▶ RECORDS PROVIDED:
╭──

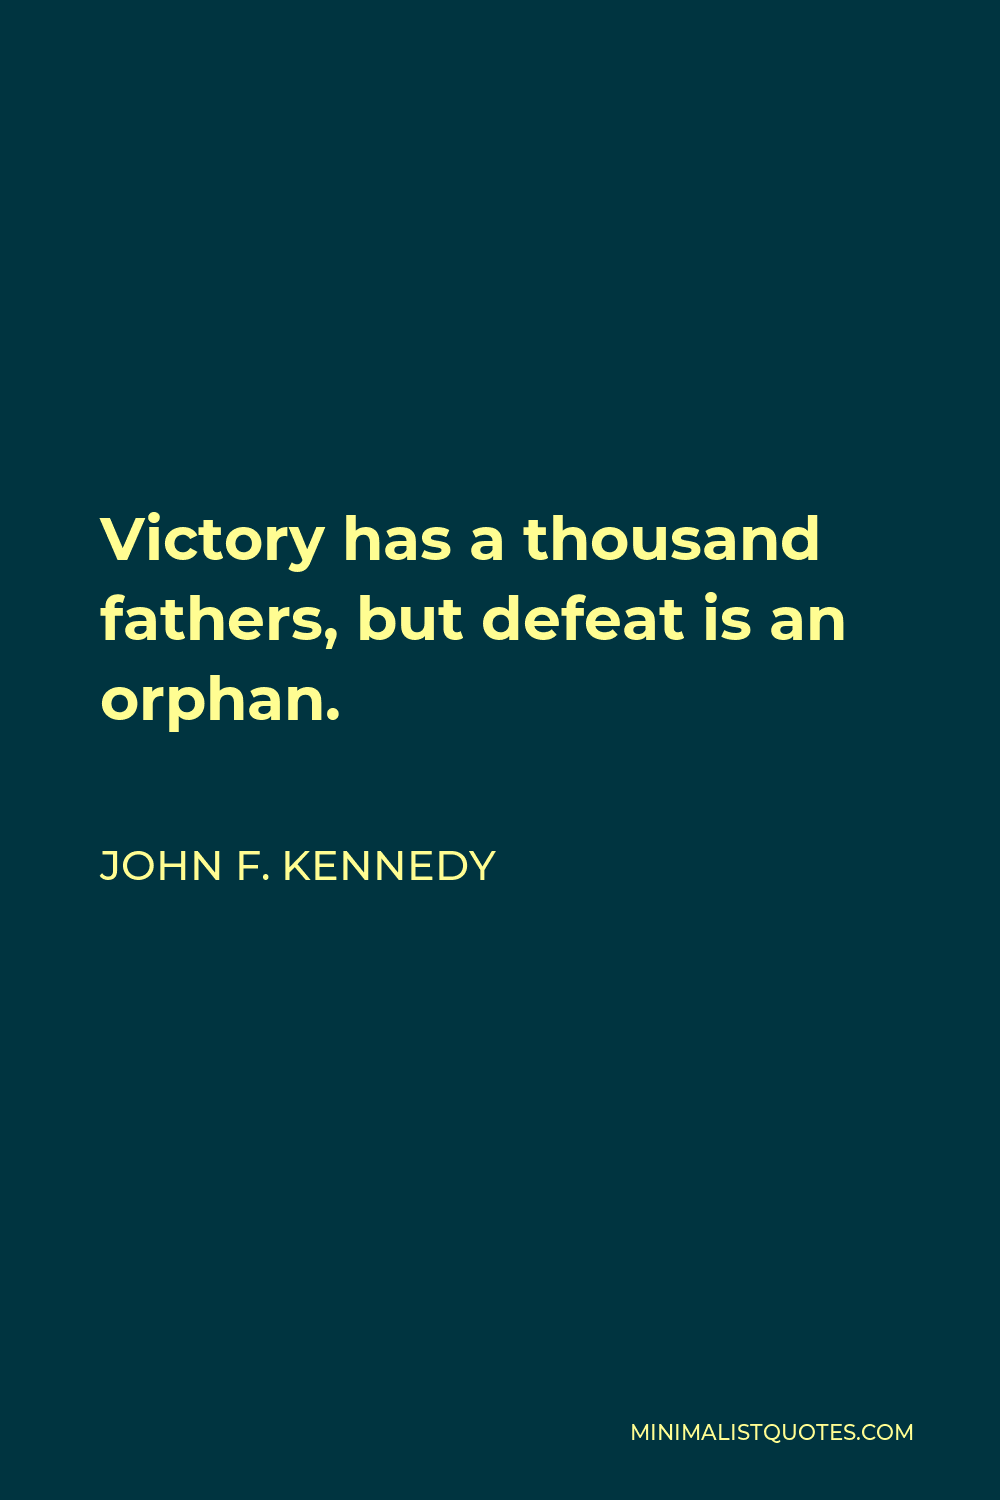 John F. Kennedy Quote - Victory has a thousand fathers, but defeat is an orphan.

╰──
╭──

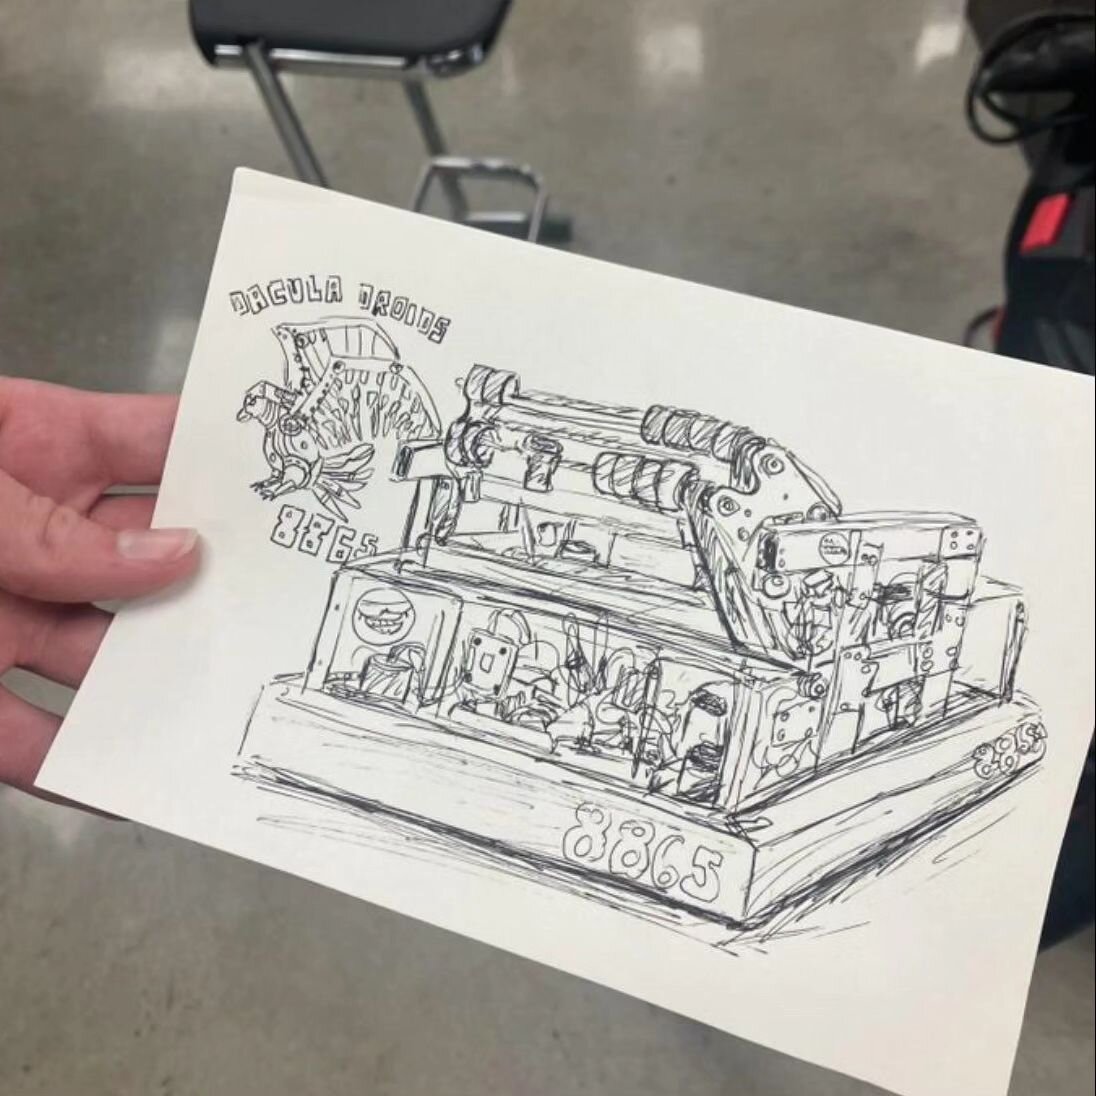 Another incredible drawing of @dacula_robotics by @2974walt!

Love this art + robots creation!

╰──
╭──

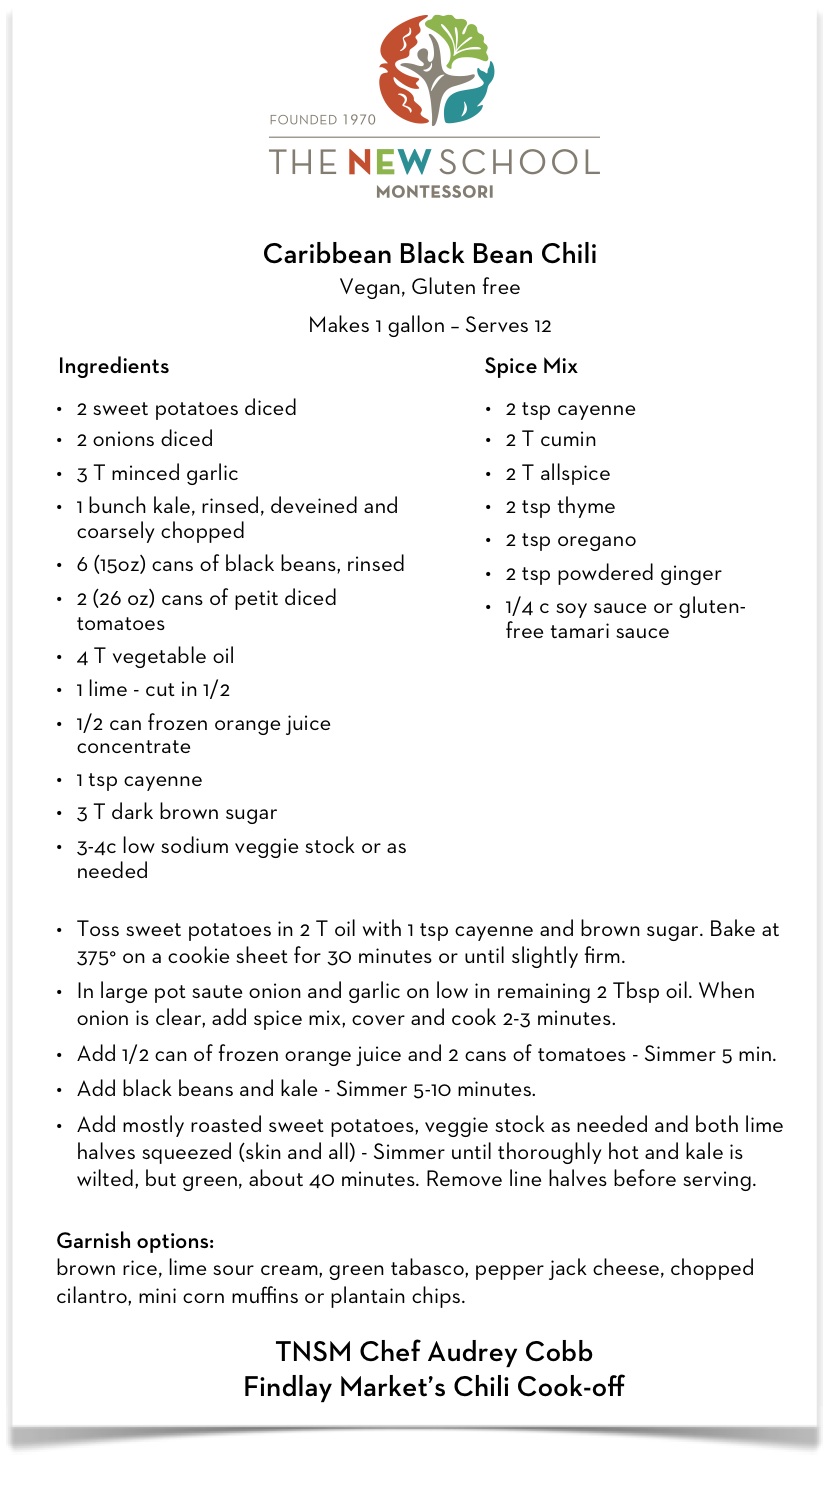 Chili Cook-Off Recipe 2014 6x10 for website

╰──

▶ TASK PROMPT: Find the line with "Another incredible drawing" and the line with "Love this art + robots creation!" in the records above. Copy both and all lines between them exactly, without pictures.

▶ EXERCISE SOLUTION:
 Another incredible drawing of @dacula_robotics by @2974walt!

Love this art + robots creation!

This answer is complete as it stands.